CPU & Memory Profiling pprof
This execution chart was exported using go tool pprof during a standard benchmark run:
Register CPU
Register Memory
Performance Note: The CPU graph shows that a massive 95.58% of the system's processing power is spent entirely on the heavy math needed to securely hash user passwords. Additionally, the memory tracking graph confirms that the application runs cleanly under high parallel pressure with absolutely zero memory leaks.
Login CPU
Login Memory
Performance Note: The CPU profile confirms that over 56% of processing power goes straight into the heavy Bcrypt hashing to safely check user credentials. Because the surrounding gRPC server and router paths stay tiny and thin, the setup introduces virtually zero framework lag. Furthermore, memory metrics show clean, steady utilization under parallel load with absolutely zero memory leaks.
Reset Password CPU
Reset Password Memory
Performance Note: Even with the extra work of checking the password history (Base 1), a massive 69.32% of the CPU time is still spent on the core Bcrypt. The rest of the gRPC framework runs perfectly thin with almost zero resource overhead. Additionally, the memory allocation graph scales steadily and cleans up immediately after execution, confirming absolutely zero memory leaks.
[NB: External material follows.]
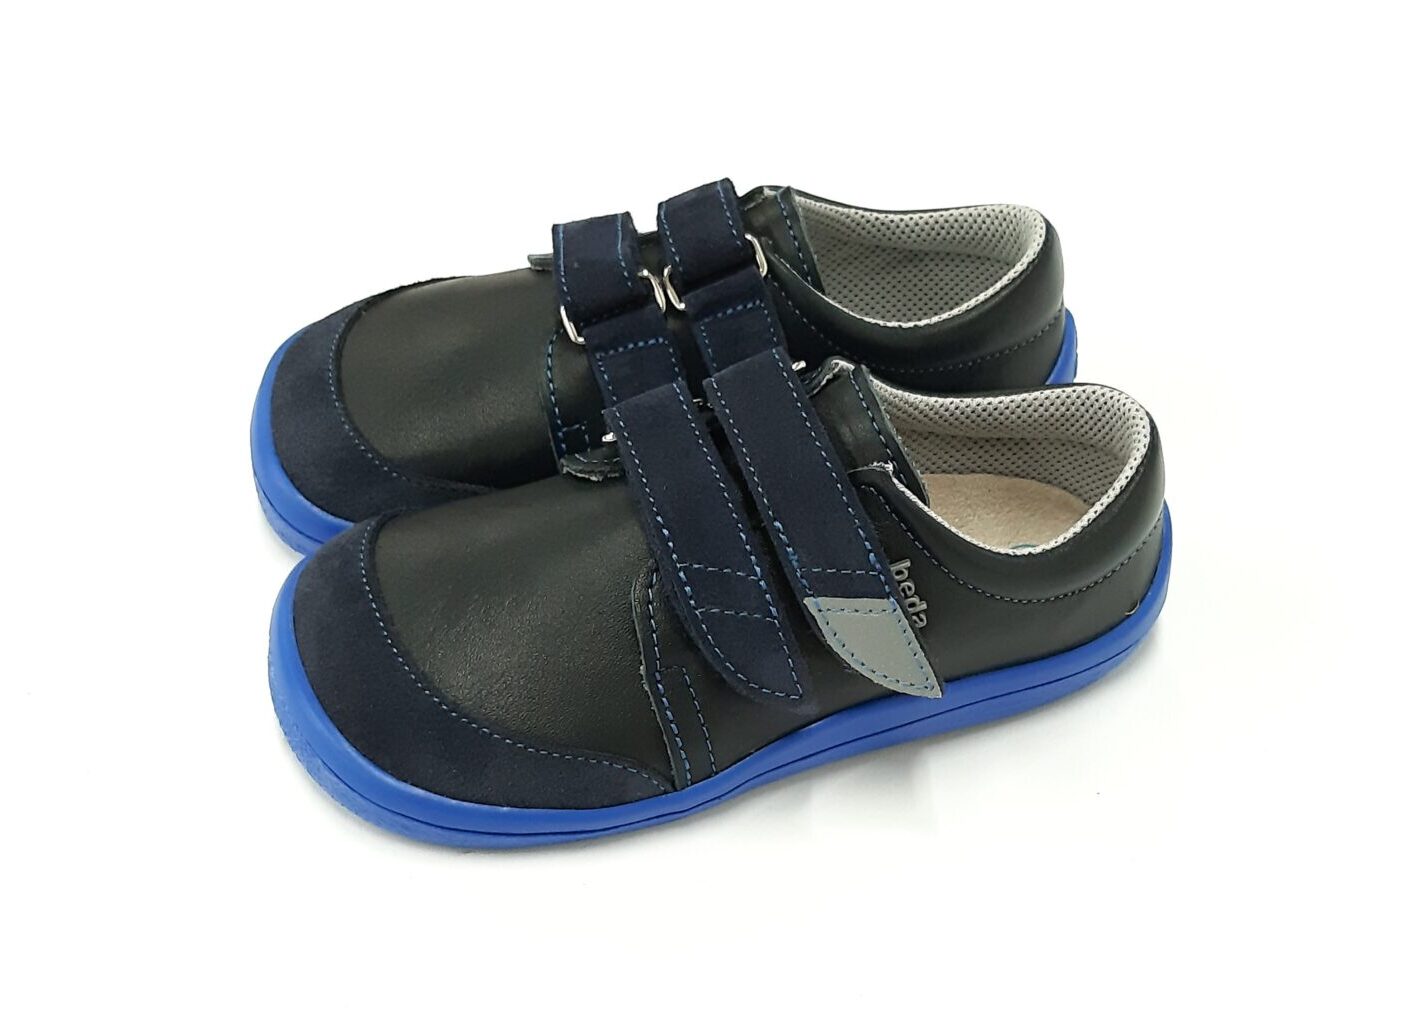 Beda lahtised sandaalid Grey Laste barefoot jalatsid - HellyK - Kvaliteetsed lasteriided, villariided, barefoot jalatsid

Production Artifacts & Image Footprint
Using Google's Distroless base images removes all unnecessary programs, shells, and packages from the final container. This leaves behind only the compiled application binary, which significantly hardens security by removing things that attackers could exploit.
Because the containers are stripped of this extra bloat, the deployment footprint is extremely small. The worker image compresses down to 5.86 MB and the main service to 13.4 MB, allowing for near-instant network transfers and fast scaling in production environments.
Note for Engineering Managers & Teams
Don't just take my word for these profiling charts! This entire environment is fully containerized and reproducible. If you want to audit the performance metrics or verify the zero-leak memory footprint on your own machine, simply follow the setup steps above to clone the repository and run the pipeline yourself.